Given these restricted hours and the fact that we tend to record programs for later viewing rather than watching anything live, you would imagine that my viewing choices would be a veritable cavalcade of documentaries, political exposés, hard-hitting journalistic investigations and other such worthy items. Sadly though, my television viewing tends to be pure escapism, for in truth I get enough righteous angst, wrath and ire from my reading, writing, breathing, talking, walking, fist-shaking, out-the-window-at-the-kids-in-the-street-shouting and other daily mundane actives ending in -ing. I like my sci-fi and I am happy to, as the Very Understanding Girlfriend says, reclaim the shame.

All of this is a rather roundabout way of prepping the scene to mention two rather good series that I watched this year, 'Being Human' on BBC3 and 'Misfits' on E4.

'Being Human' was a six-part series charting the relationships between a vampire, werewolf and ghost that all share a flat in Bristol. The vampire and werewolf just want to try and live normal lives and face a constant battle to overcome their inner natures, and the ghost tries to come to terms with her death and separation from her fiancee, who to add to her torment owns the flat they all live in and frequently pops round with his new girlfriend. Its not glamorous, its all a bit dingy and grotty, and does a far more believable job of portraying supernatural characters trying to preserve their humanity in the face of an existential and physical crises than comparable US dramas (True Blood being the most obvious comparison). It is also genuinely funny, but without the campy playing-to-the-fourth-wall of Buffy.

If 'Being Human' is the anti-'True Blood', then 'Misfits' is the anti-'Heroes'. Another six-parter, the series follows five juvenile delinquents coming to terms with having super-powers while working through court-ordered community service. The power each gains is a manifestation of their own base personality, the shy guy that nobody likes can turn invisible, the insecure girl can hear other people's thoughts etc, and the show is more about the development of their relationships with each other, and finding a new level of respect for themselves (oh, and hiding the bodies of a couple folks they murder). Shot in a style reminiscent of Charlie Brooker's excellent zombie/Big Brother mashup "Dead Set" its dark, graphic and very, very funny.
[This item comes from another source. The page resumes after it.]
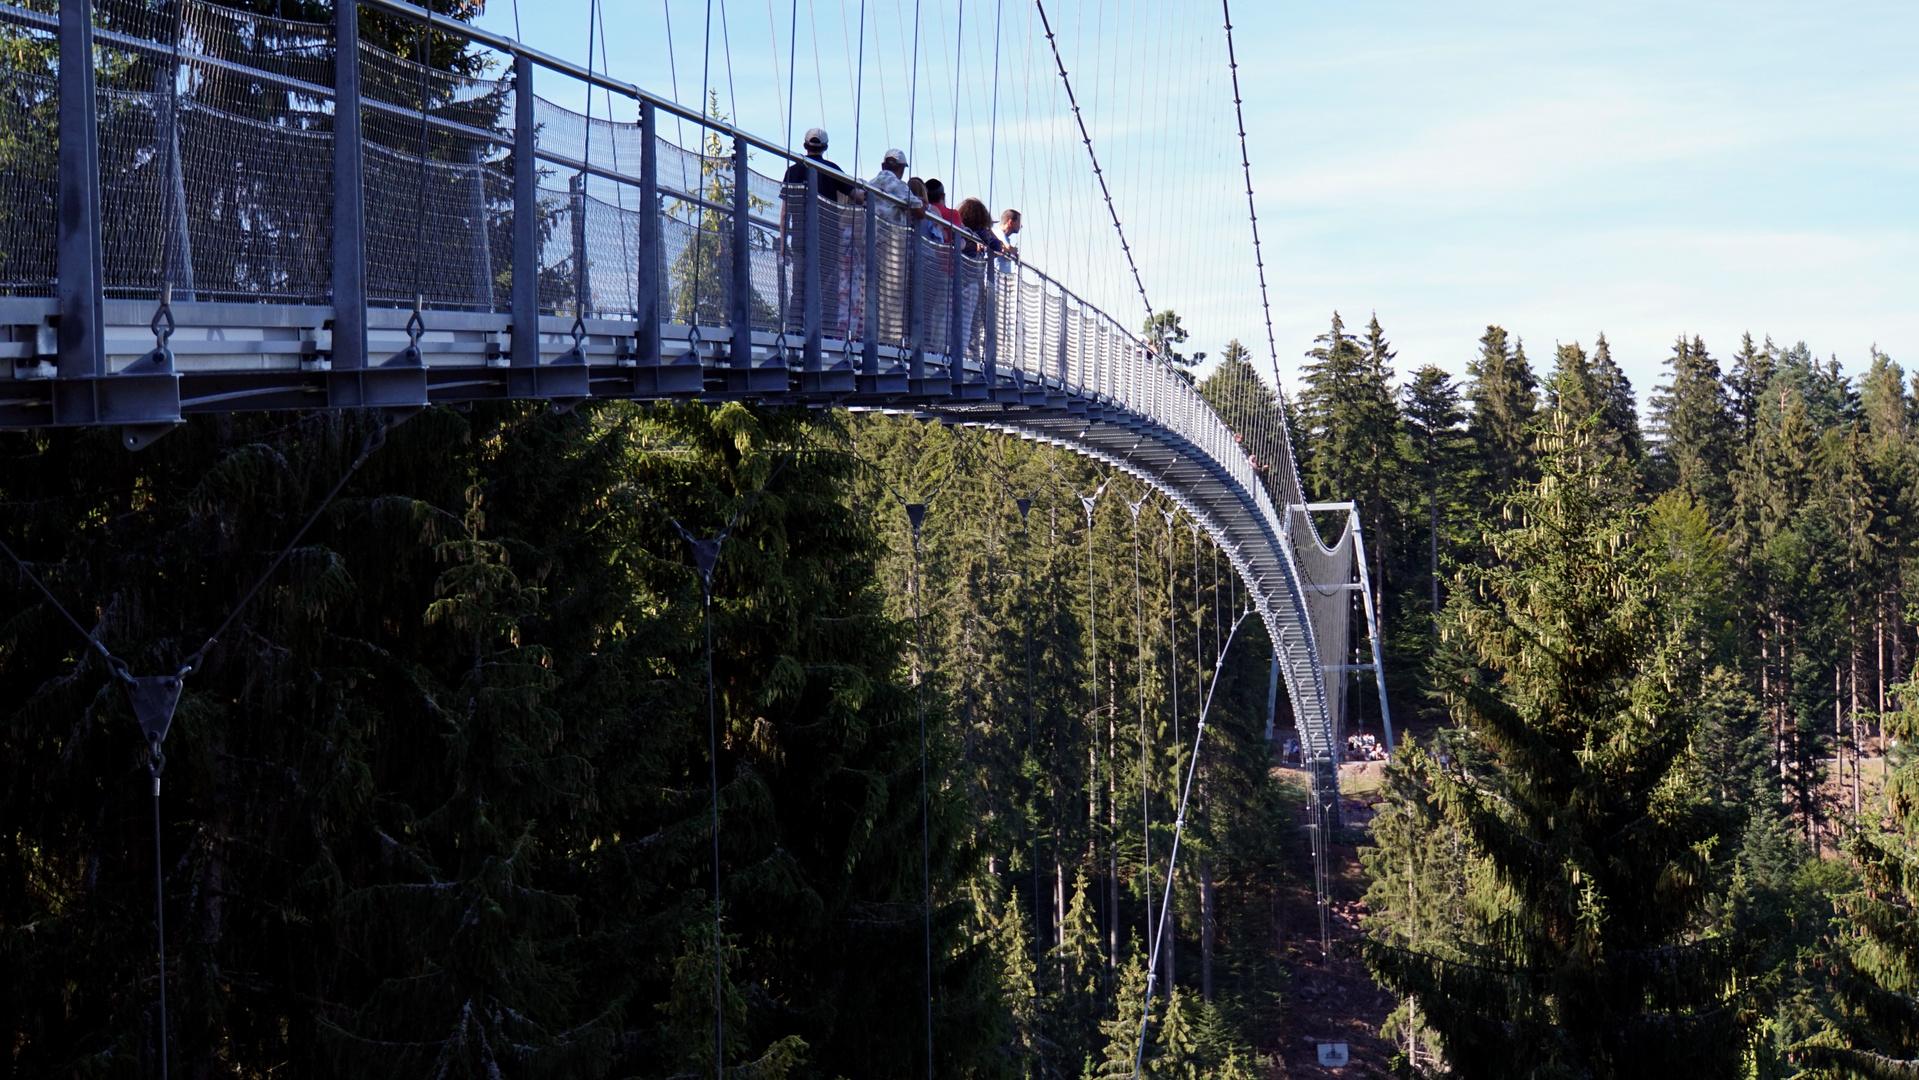 Hängebrücke Bad Wildbad

Apart from the strong writing, gritty realism and deft execution of intriguing ideas, what these two shows have in common are great performances from a number of talented Irish actors. Dublin-born Aidan Turner plays the vampire 'Mitchell' in 'Being Human', in which fellow Dubliner Sinead Keenan (most recently seen in the last two David Tennant episodes of 'Doctor Who') also has a recurring part, and arguably the central character in 'Misfits', the distinctly annoying Nathan, is brilliantly played by Portlaoise-born Robert Sheehan, the bastard offspring of Cillian Murphy and Tommy Tiernan.

In recent years much has been made of the British invasion of US TV shows, with British actors taking lead roles in everything from 'House' to "The Wire', but in almost all these cases they are forced to sublimate their national identity and adopt at times ridiculous Mid-Atlantic and other faux-American accents. In contrast Turner and Sheehan manage to revel in their Irishness, without it ever being used as a plot hook on which to hang a coat of Oirishness. This is a testament to both the strength of the writers and their own ability as actors.

The new series of 'Being Human' starts on January 10th on BBC Three, series one is available on DVD. Misfits is also available on DVD, a second series has been greenlit, but as of yet no air date has been released.

Ah, to think of how grumpy I would be without such escapist fantasy to sooth my troubled soul. I think the survivors would envy the dead.

As an aside if you are interested in television and other "cultural" imports from across the water, you really should check out Mr Tim's rather excellent pop culture blog, Inessentials. There may be a little too much 'Glee' for the average person's taste (as in, any 'Glee' is a little too much), but the writing is really spot on.